When providers cut off patients from opioid prescriptions if they suspect they are abusing it, those people must be redirected to treatment.
“Otherwise, what we’re saying is that we commit everyone who is on prescriptions to die because they’re going to heroin, and die on heroin, and then we’re going to have a new slate of people who don’t get addicted. Which is horrendous,” he said.
VCU’s Motivate Clinic — an office-based opioid treatment program — was started specifically for the purpose of expanding access to treatment. But, Dow said, even that program is overwhelmed. It was started in April and already has a waiting list.
Also just launched in April was Virginia’s Medicaid Addiction and Recovery Treatment Services program, which significantly expanded the number of people offered coverage for addiction treatment, and raised the rates for providers to give them an incentive to cover the Medicaid population.
Abubaker knows firsthand that teaching providers to prescribe fewer opioids is just one part of the battle.
Patients need to be treated, dealers need to be prosecuted — ending the opioid epidemic will have to come from virtually all parts of society, he said. Few areas are untouched by the opioid epidemic — from deaths to property crime to social services to unborn babies.
But even more importantly, regular people can contribute to reducing the stigma surrounding addiction, which is a disease that some people — like Adam — are predisposed to develop, Abubaker said. With treatment, they can live perfectly normal lives.

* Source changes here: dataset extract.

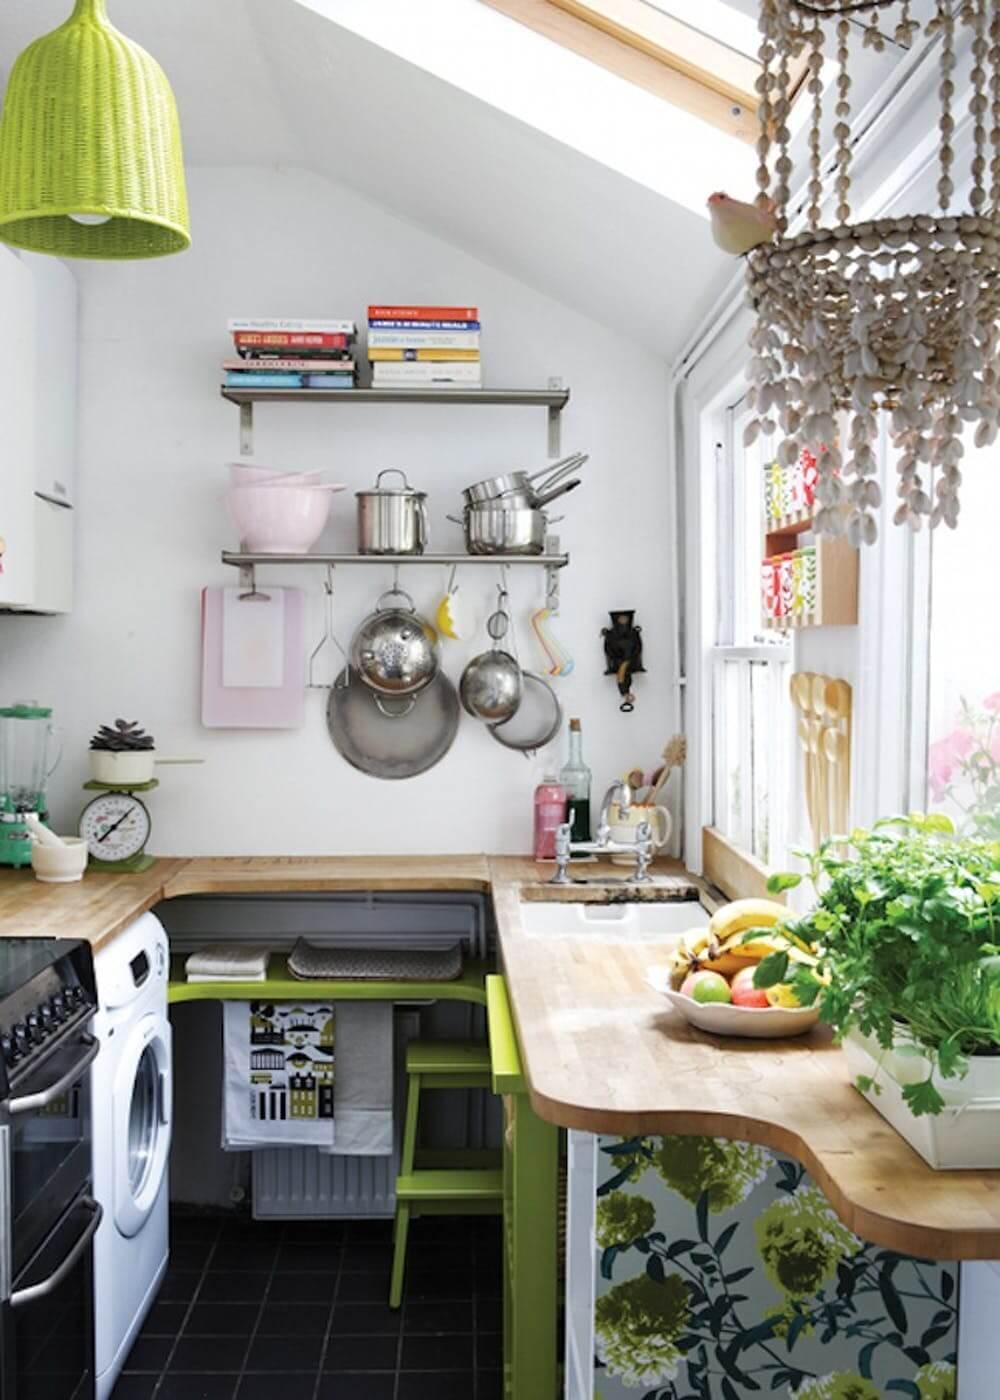 Idée de conception de petite cuisine avec étagères ouvertes

“We have to have compassion,” Abubaker said. “(My son) didn’t come to me before because he was embarrassed. Clearly he knew and he told me after the recovery that nobody wants to be an addict and nobody wants to be called an addict.”
Compassion, Abubaker explained, could be the solution to the problem that changing hospital practices and broadening health care coverage cannot fix: the simple fact that too many are too afraid to ask for help.
“I think he was embarrassed because I’m a doctor, I’m a big deal. He was worried he’d disappoint me because he was addicted, because I never thought that would happen to me.”